Search code examples
c++stringgdbstd

Internal struct of std string object


I tried to understand the internal struct of std::String using GDB , and I want to see if I understand that as well.

I have std::string object that contains the string AAAAAAAAAAAAAAAAAAAAAAAAAAAAAAAA (32 A).

When I looking into GDB i see header: 0x00000020 0x00000020 0x00000000

data: 0x41414141 0x41414141 0x41414141 0x41414141 0x41414141 0x41414141 0x41414141 0x41414141

And when that object release with std::string::~string I see data same but ,header :

0x00000000 0x00000020 0xffffffff

Is that right ? the 0x20 is the size of string (why I see it twice? ) and when std::string object is release 0x00000000 replaced with 0xffffffff ?

I didn't understand that as well please


Solution

  • I look at the internal structure of library types in order to understand more about how a compiler performs it's magic. Especially container objects. Standard approach is to copy the object to a std::array that is the same size, then print the array in hex. This can be useful to explore exactly what happens when a container object is "moved" as well as learning how the different library coders implemented the container.

    Here's the basic code adapted to std::string.
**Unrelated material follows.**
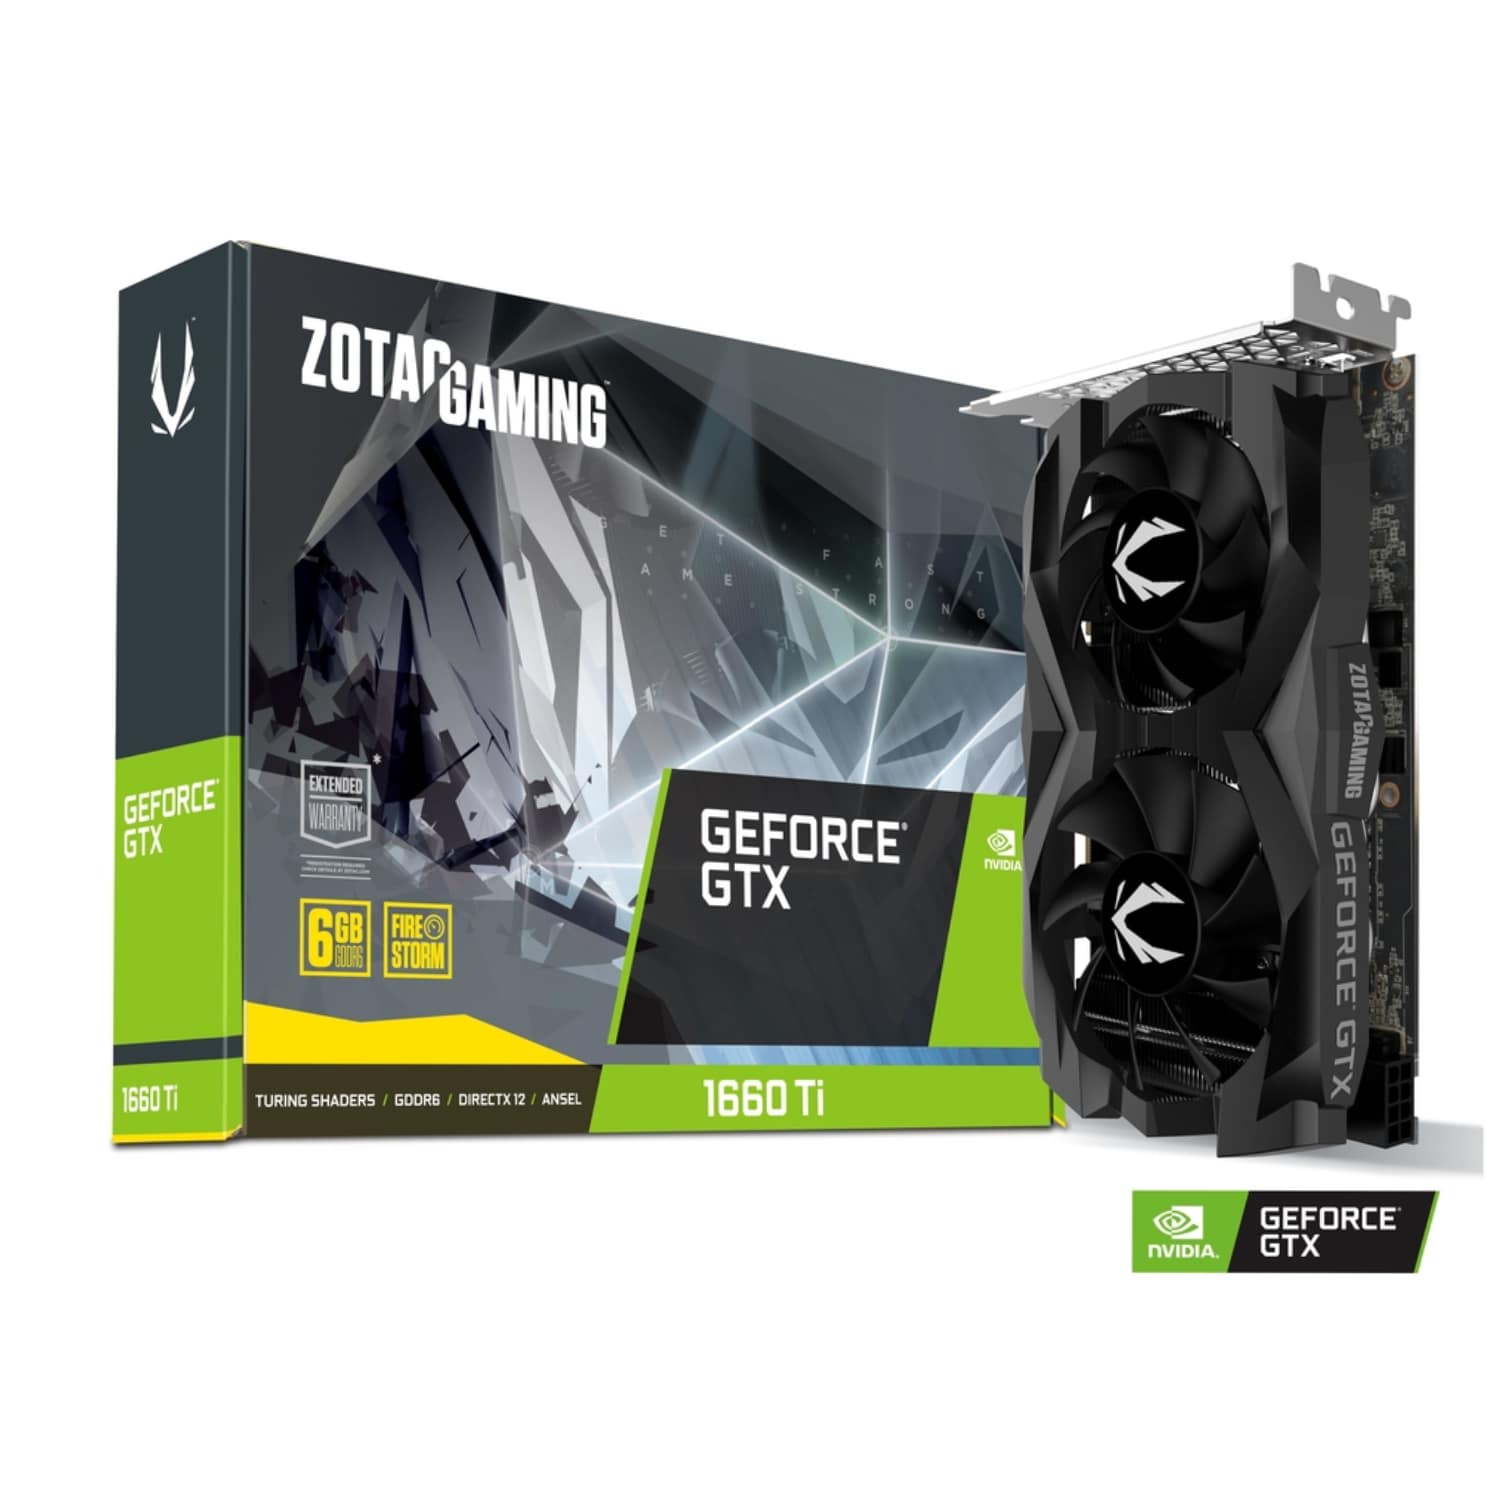 ZOTAC GAMING GeForce GTX 1660 Ti 6GB GDDR6

Examined is how the object changes between an empty string, a string with the maximum, SSO, contents, and a string which requires that the string is stored in the heap.

    SSO optimized strings requires the pointer to any character in the string be between the start and end of the string object.

    #include <string>
    #include <array>
    #include <iostream>
    #include <iomanip>
    #include <cstdint>
    
    void print_string_object(std::string& s)
    {
        // Check that the size of a string object is a multiple of a pointer size
        static_assert(sizeof(uintptr_t) * (sizeof(s) / sizeof(uintptr_t)) == sizeof(s));
    
        // Create an array of uintptr_t that is the same size as a string
        using s_obj = std::array<uintptr_t, sizeof(s) / sizeof(uintptr_t)>;
        s_obj s_ptrs = *reinterpret_cast<s_obj*>(static_cast<void*>(&s));
    
        // Print details of string object in hex
        std::cout << "Address of Object\n  " << std::setfill('0') << std::setw(2*sizeof(uintptr_t)) << std::hex << &s << "\nObject\n";
        for (auto x : s_ptrs)
            std::cout << "  " << std::setfill('0') <<  std::setw(2 * sizeof(uintptr_t)) << std::hex << x << '\n';
    }
    
    int max_SSO(std::string &s)
    {
        // return the maximum string stored in a string object (SSO)
        // and set s with bytes 0 1 2 3 ... until SSO is maxed out
        std::string s0;
        uintptr_t base = reinterpret_cast<uintptr_t>(&s0);
        uintptr_t top = reinterpret_cast<uintptr_t>(&s0) + sizeof(s0);
        for (int i = 0;; i++)
        {
            s0 += static_cast<char>(i);
            if (reinterpret_cast<uintptr_t>(&s0[0]) < base || reinterpret_cast<uintptr_t>(&s0[0]) >= top)
                return i;
            s += static_cast<char>(i);
        }
    }
    
    int main()
    {
        std::string s;
        std::cout << "Capacity of empty string=" << s.capacity() << '\n';
        std::cout << "Empty string\n";
        print_string_object(s); // print details of null string 
        std::cout << "\nFull SSO string length=" << std::dec <<  max_SSO(s) << "\n";
        print_string_object(s); // print details of max SSO string 
        s += "0";
        std::cout << "\nDynamic memory string\n";
        print_string_object(s); // print details of dynamic allocated string 
    }
    

    And here's a link to compiler explorer for clang and gcc

    MSVC output x64 is:

        Capacity of empty string=15
    Empty string
    Address of Object
      000000AF535AF840
    Object
      0000000000000000
      0000000000000000
      0000000000000000
      000000000000000f
    
    Full SSO string length=15
    Address of Object
      000000AF535AF840
    Object
      0706050403020100
      000e0d0c0b0a0908
      000000000000000f
      000000000000000f
    
    Dynamic memory string
    Address of Object
      000000AF535AF840
    Object
      00000235a757e8a0
      000e0d0c0b0a0908
      0000000000000010
      000000000000001f
    

    For MSVC, the first 16 bytes are used to store the SSO chars. This allows for a string length of 15 with the required terminating null char. When dynamic memory is required for longer strings, the first 8 bytes is a pointer to the chars stored in the heap. The last 2 entries are the current string size and maximum string size required before memory allocation is needed. GCC and CLANG have somewhat different layouts. CLANG, in particular allows SSO string sizes up to 22 chars and it's object size is 8 bytes less! Very efficient.

    I've found the approach very useful for quickly understanding what is actually going on in library container code.